§ Task to complete: Pictures are to be dropped from the copy. Retype the listing exactly.

§ Dataset extract:
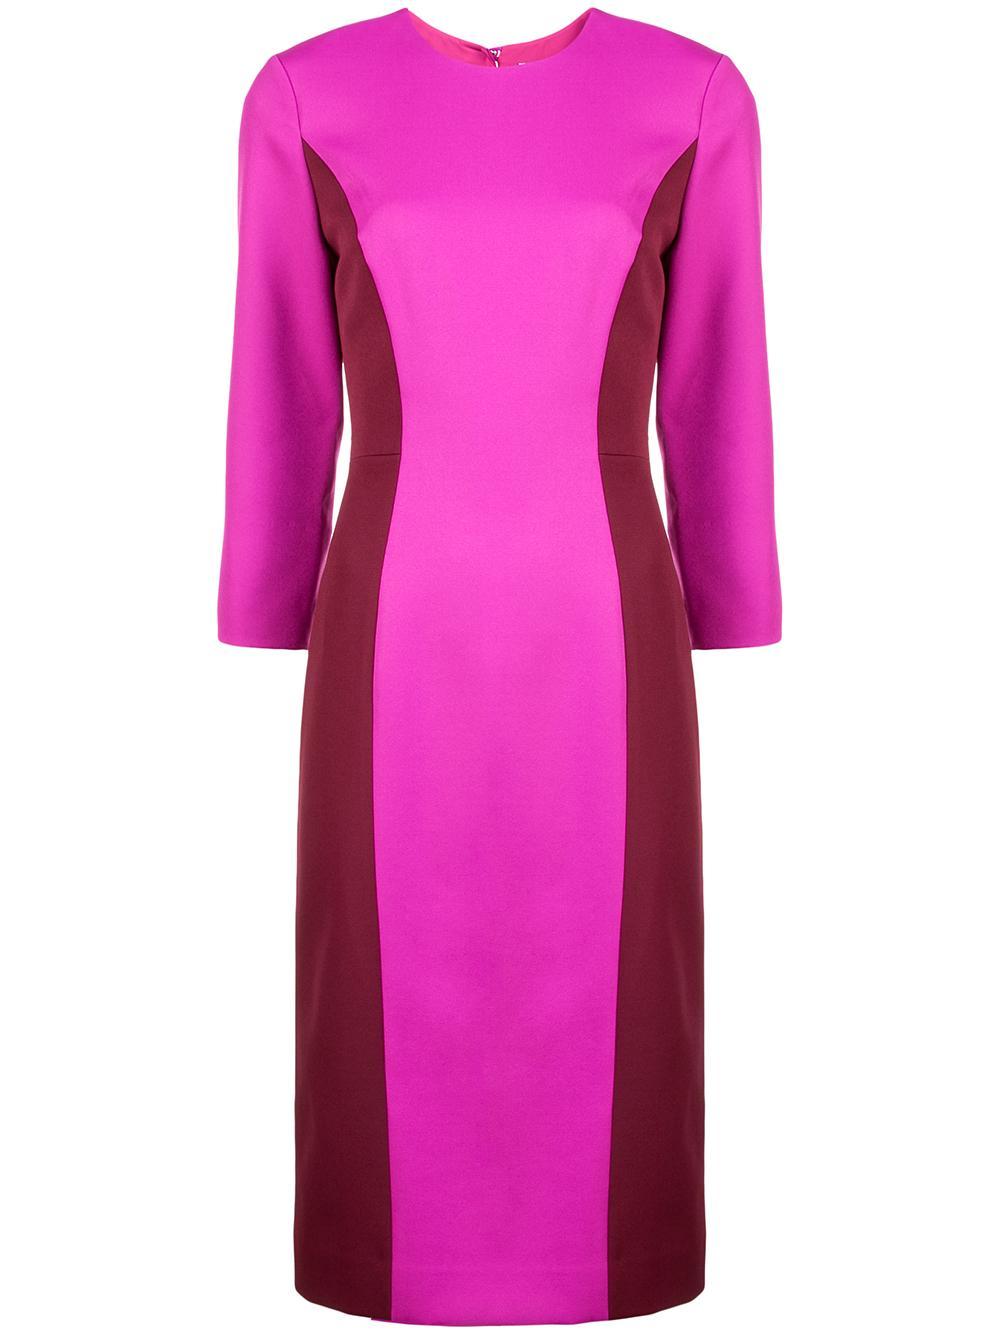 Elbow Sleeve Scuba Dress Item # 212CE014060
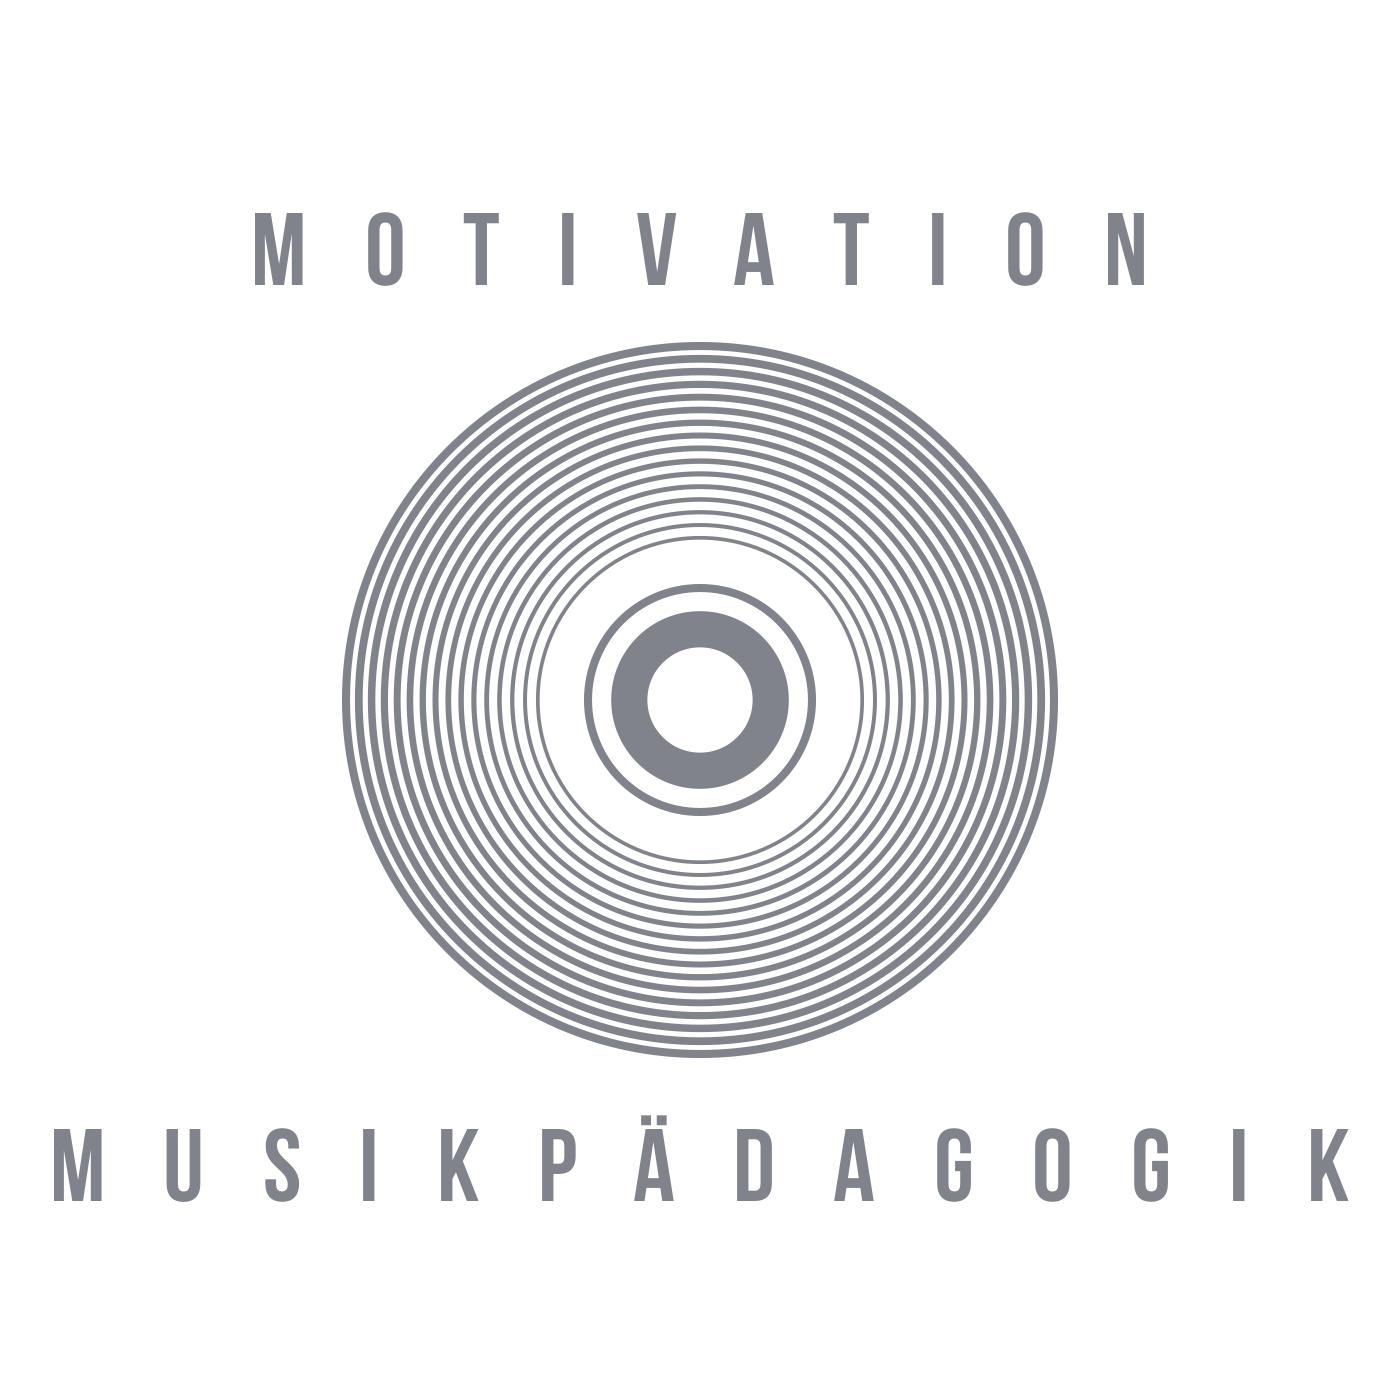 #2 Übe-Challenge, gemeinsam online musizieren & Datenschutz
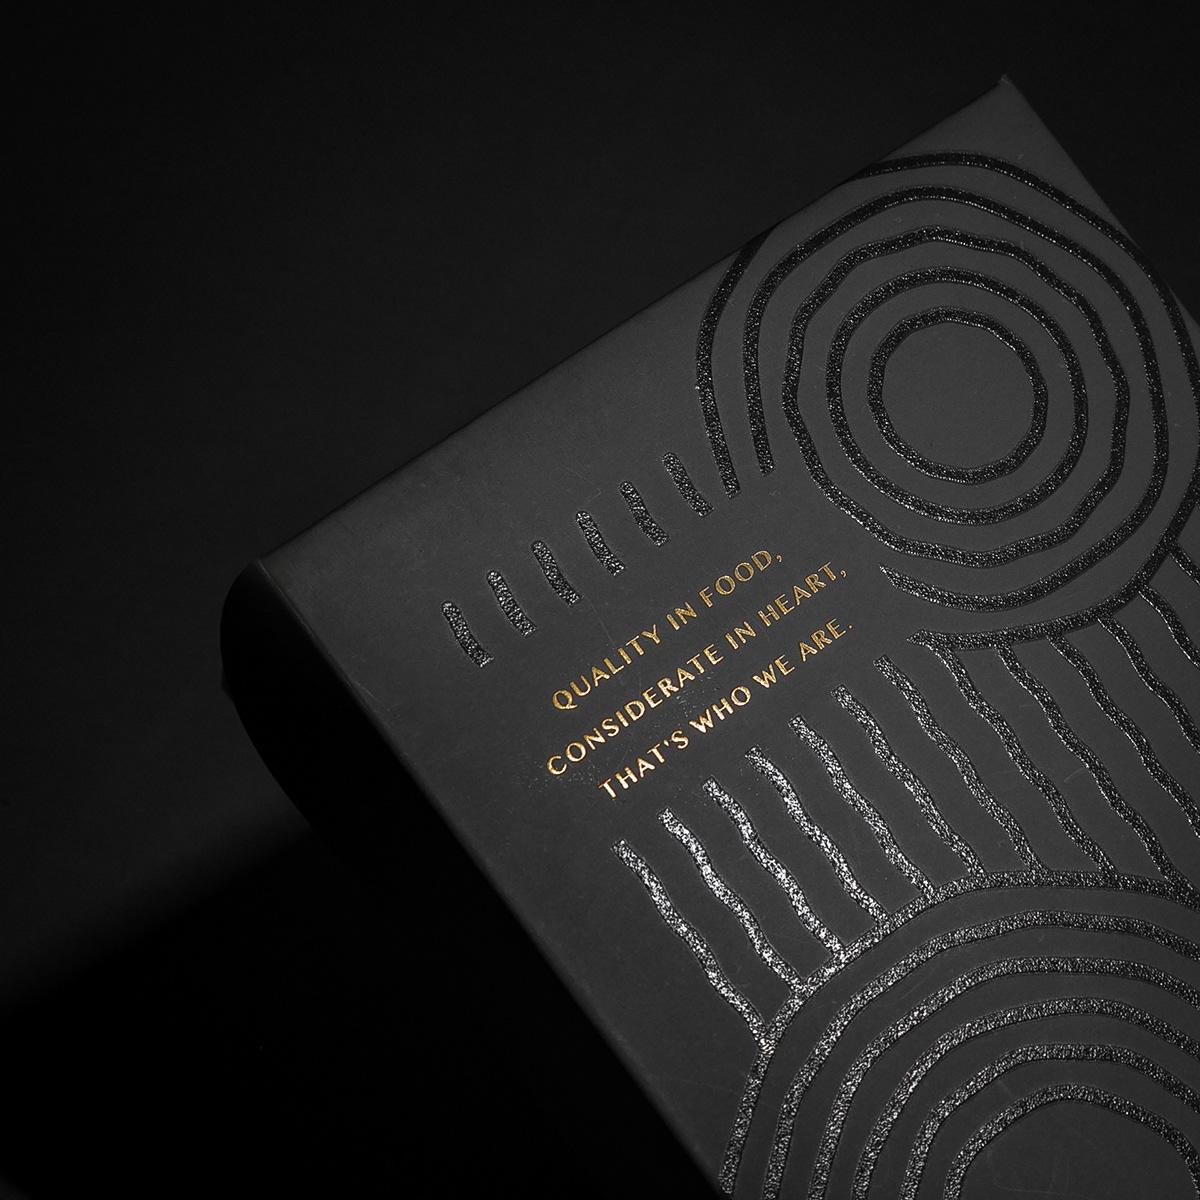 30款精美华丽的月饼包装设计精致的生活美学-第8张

§ Result for this exercise:
 Elbow Sleeve Scuba Dress Item # 212CE014060
 #2 Übe-Challenge, gemeinsam online musizieren & Datenschutz
 30款精美华丽的月饼包装设计精致的生活美学-第8张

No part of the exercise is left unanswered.